A primary area impacted by these cuts is Microsoft’s Xbox gaming division, where about 20% of the workforce is being let go. This development is part of a long-term plan, as indicated by the Xbox CEO, aimed at restructuring and streamlining operations within the gaming unit. Despite the staff reductions, Microsoft assures that none of the publicized first-party game releases will be delayed or canceled, signaling the company’s commitment to maintaining its current gaming promises.

Based on content from CNBC Television

This shift in workforce is reflective of a broader industry trend within Silicon Valley, with major players like Amazon, Meta, and Google also simultaneously realigning their teams as they intensify efforts in AI product development and infrastructure creation. This collective shift emphasizes the industry’s recognition of AI as a transformative force, reshaping how work is done and what skills are prioritized in this new era.

Importantly, Microsoft has clarified that the roles being eliminated are not being supplanted by AI but are part of a strategy to realign resources and talent to better meet the evolving technological landscape and customer needs.

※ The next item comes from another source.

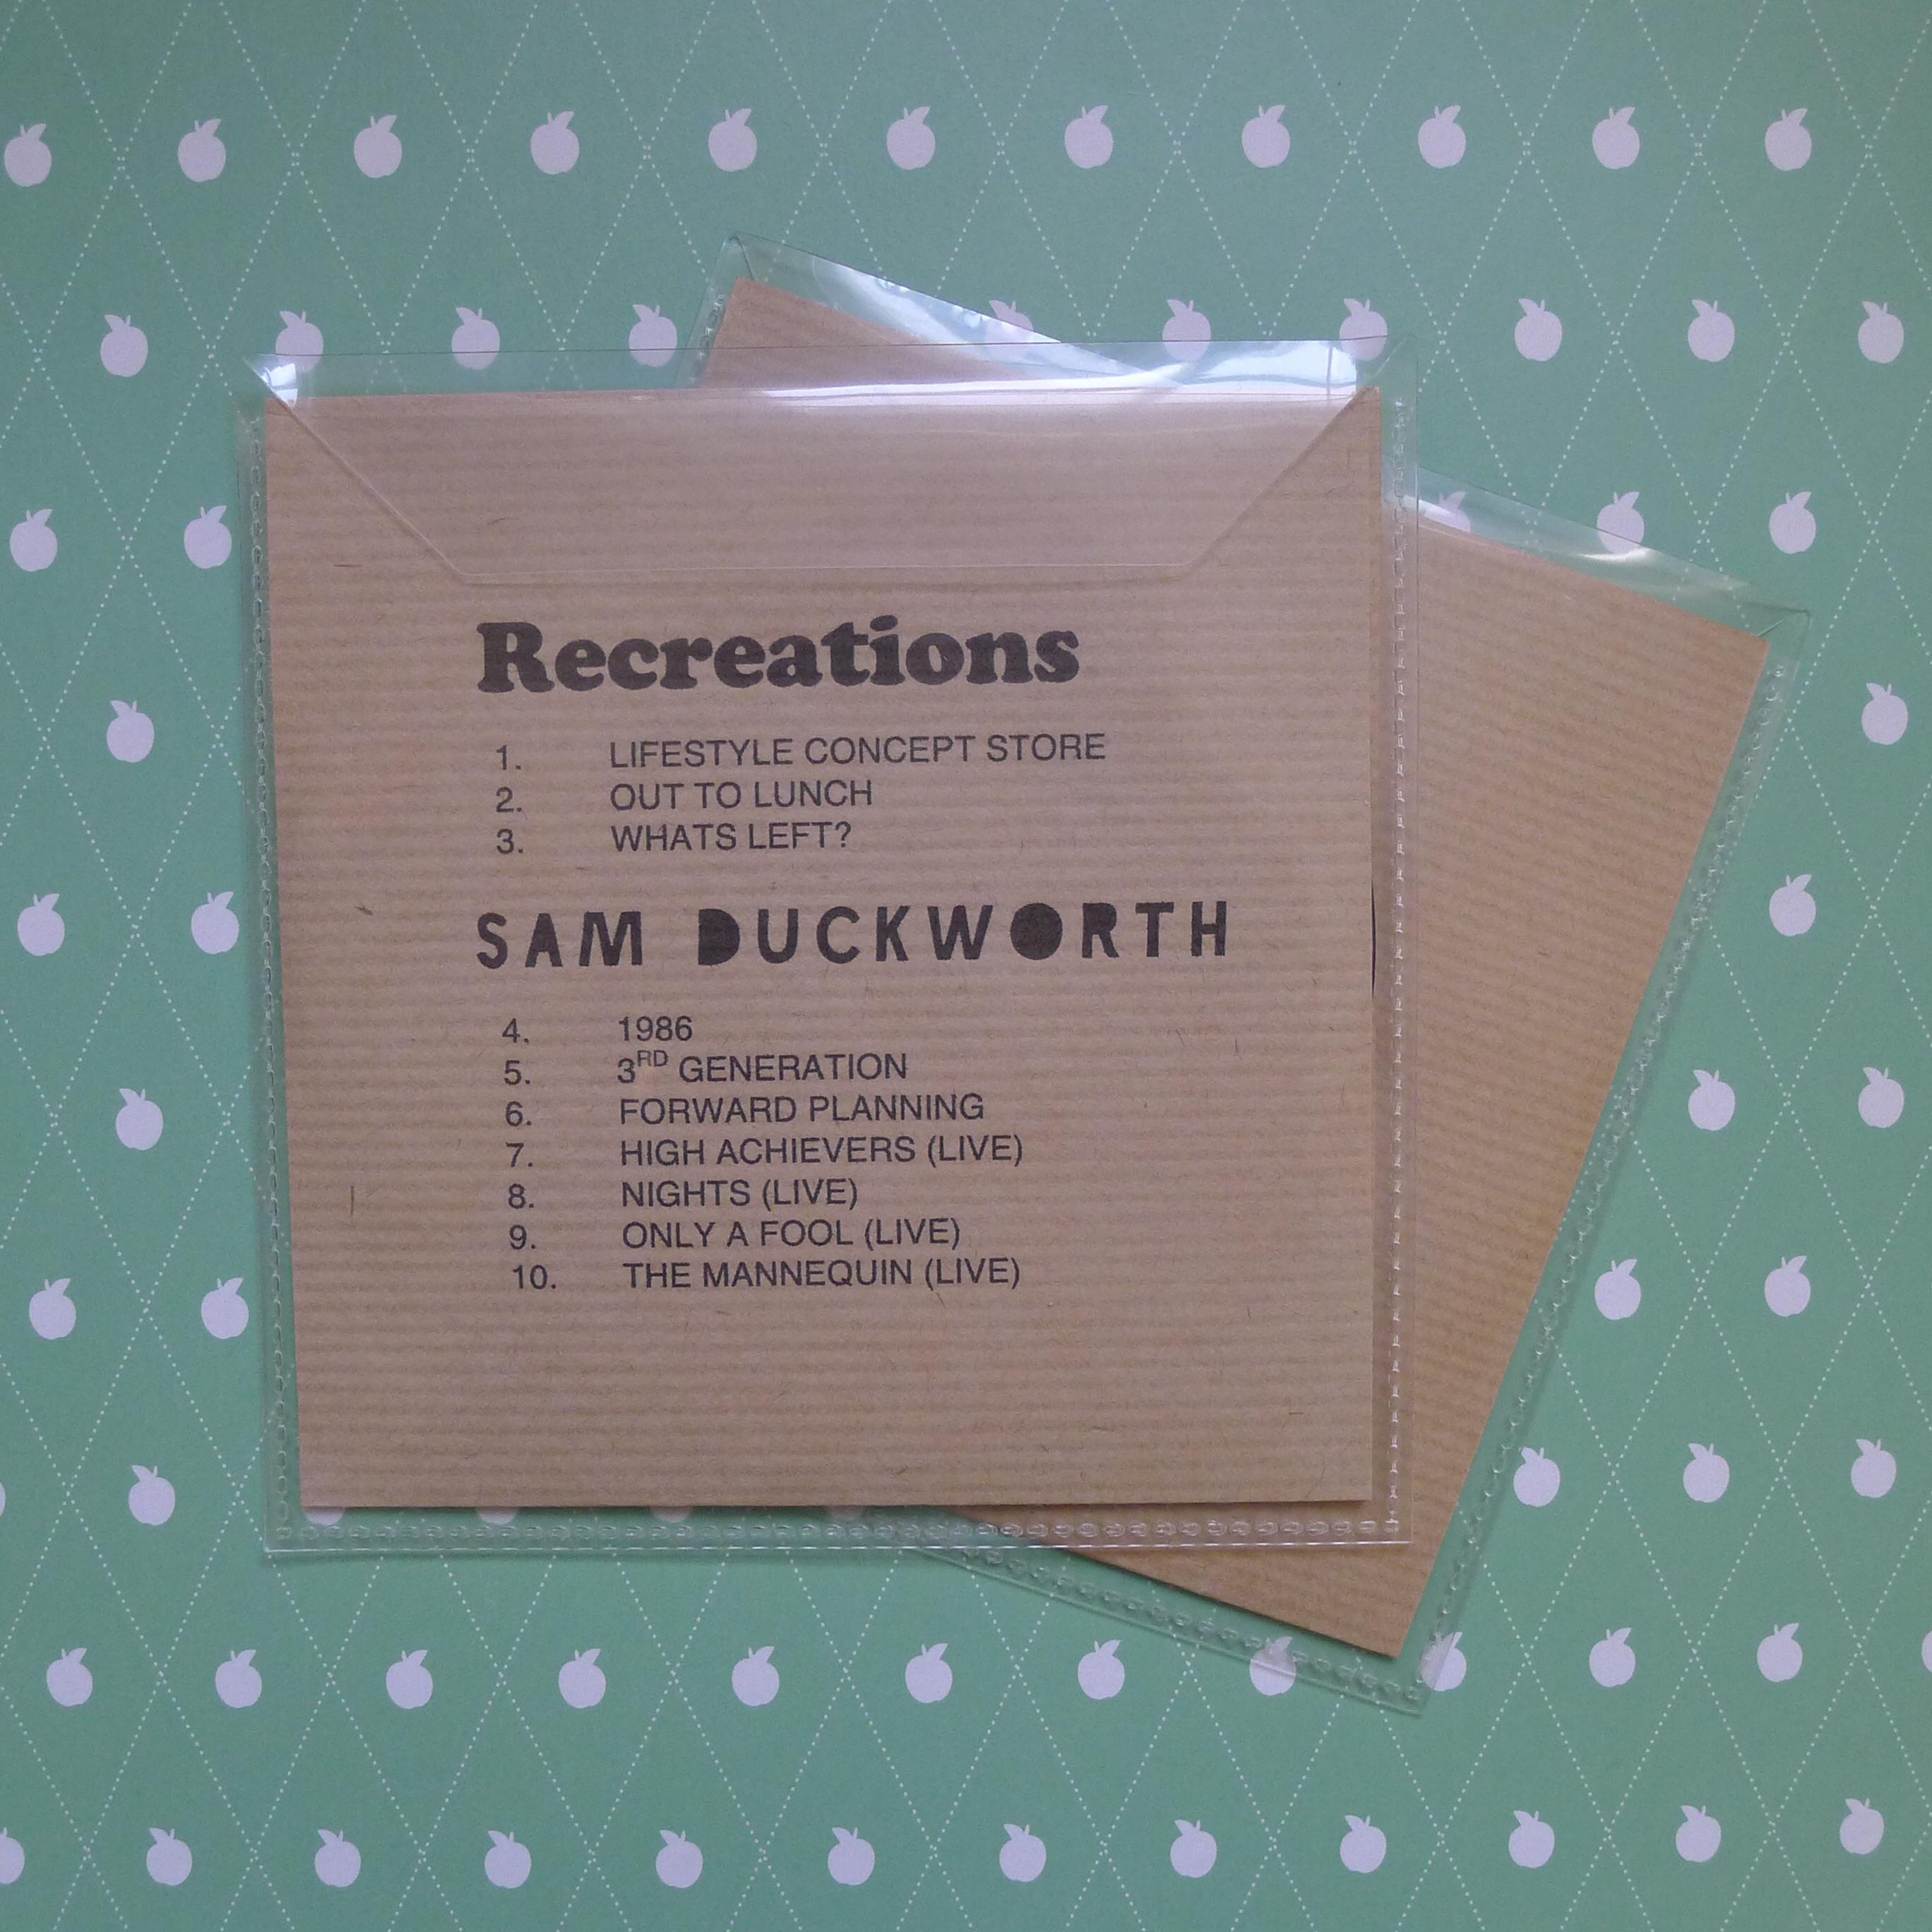 2015 Tour Bootleg (Recreations//SD Split)

As AI continues to redefine enterprise solutions, Microsoft is actively positioning itself to maintain competitiveness in the domain, one prominent example being their AI-driven projects like Copilot.

However, it’s essential to note that despite these strategic moves toward AI, Microsoft’s performance among the mega-cap tech stocks has lagged behind peers, with shares down approximately 20% this year. The company’s growing focus on Azure, Microsoft’s cloud platform, is anticipated as a pivotal element for future successes within the AI sector. Investors and Microsoft enthusiasts alike are keenly watching to see how investments and innovations in AI will translate to ROI and elevate the company’s standing in this fiercely competitive field.

Microsoft’s layoffs and strategic realignment illustrate the dynamic nature of the tech industry, where companies must continually adapt and innovate to align with technological advancements and market demands. As we continue to follow Microsoft’s journey, it becomes clearer that the landscape of AI is not just reshaping companies but is also setting the agenda for the next phase of technological evolution.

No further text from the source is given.